The director and screenwriter, Phuttipong Nakthong said in an interview that this installment will focus especially on nighttime battle scenes. Because nighttime feels more raw, and quarrels on the streets at night are punishable more severely than during the day. Moreover, evening students are older and more foolhardy.

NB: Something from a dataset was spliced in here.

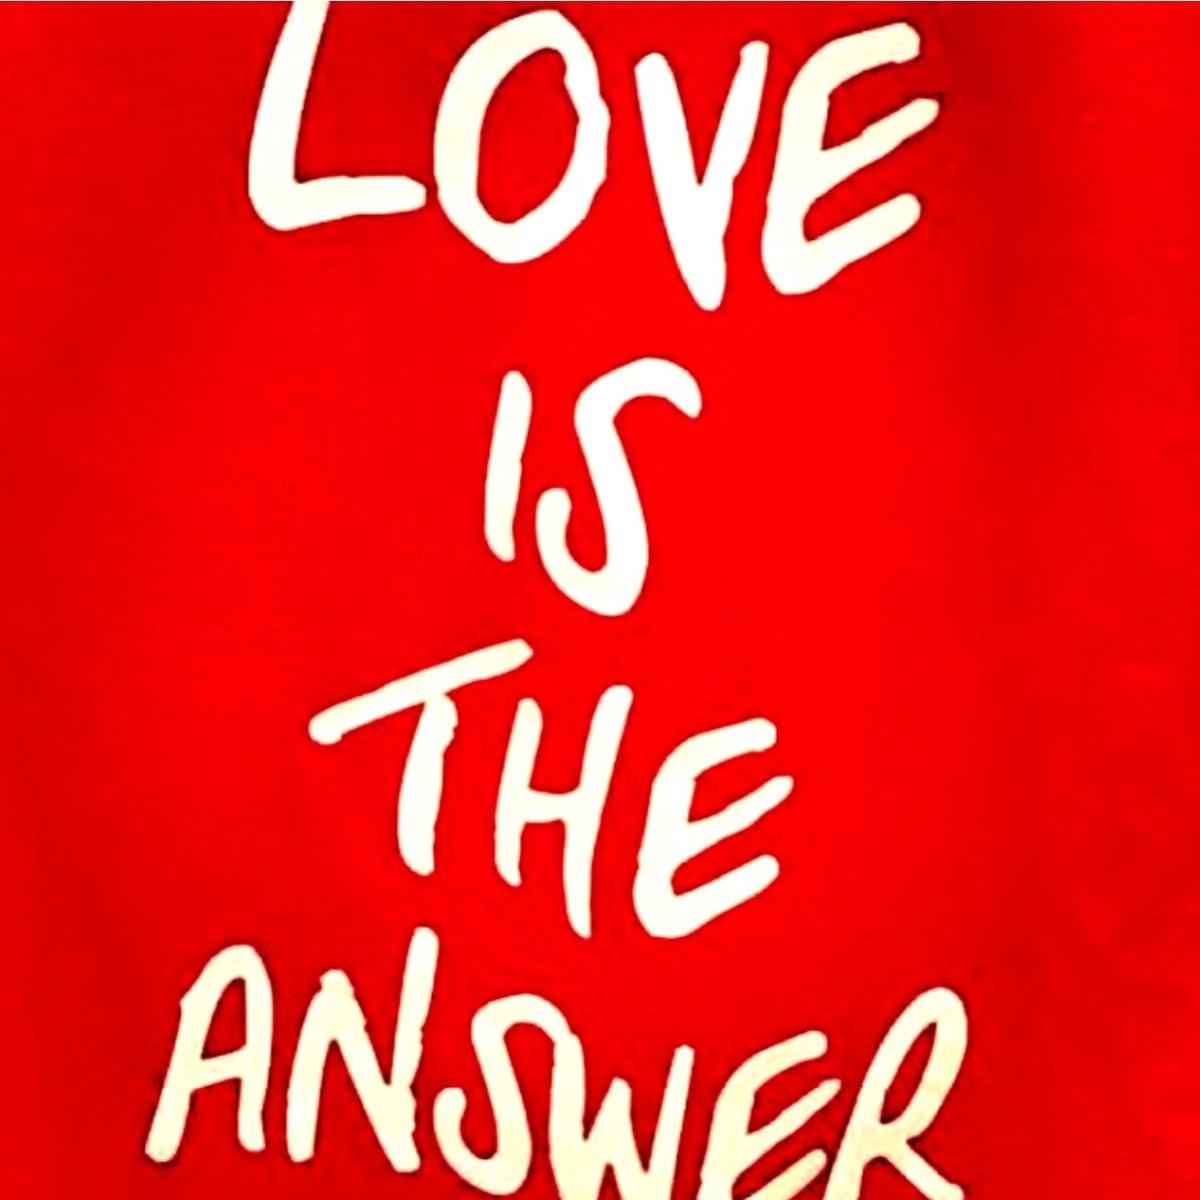 When in doubt ....#lovevelvet   #velveteyewear #velvetsunglasses #velvettrends #velvetstylebox #bestsunglasses #2020color #socalstyle #designedbywomen #designedforwomen #bestcolor #coloroftheyear #uvprotection #lovevelvet #findyourfaceshape #SunglassStyle #SunglassColorpic.twitter.com/EiQk482Gaj

In this part, there are four main characters, Bang, Yat, Aek, and Rok, all of whom have family issues. The story is told quite deeply into the dimensions of each character. By touching on family issues, experience the inner wound that drives individuals to take drastic actions.

==Release and reception==
4 Kings II was released on November 30, 2023, nationwide. The teaser was released on YouTube on October 25, 2023, and received over one million views within 24 hours.

The official trailer was released at 2:14 p.m. on November 14, 2023.

Although it was released on November 30, 2023, tickets can be purchased or reserved starting November 24, 2023.

The gala premiere screens on November 29, 2023 at 6:30 p.m. at Major Cineplex Ratchayothin.

First day of official screening, it grossed 19 million baht nationwide breaking the record of the prequel which made 10 million baht.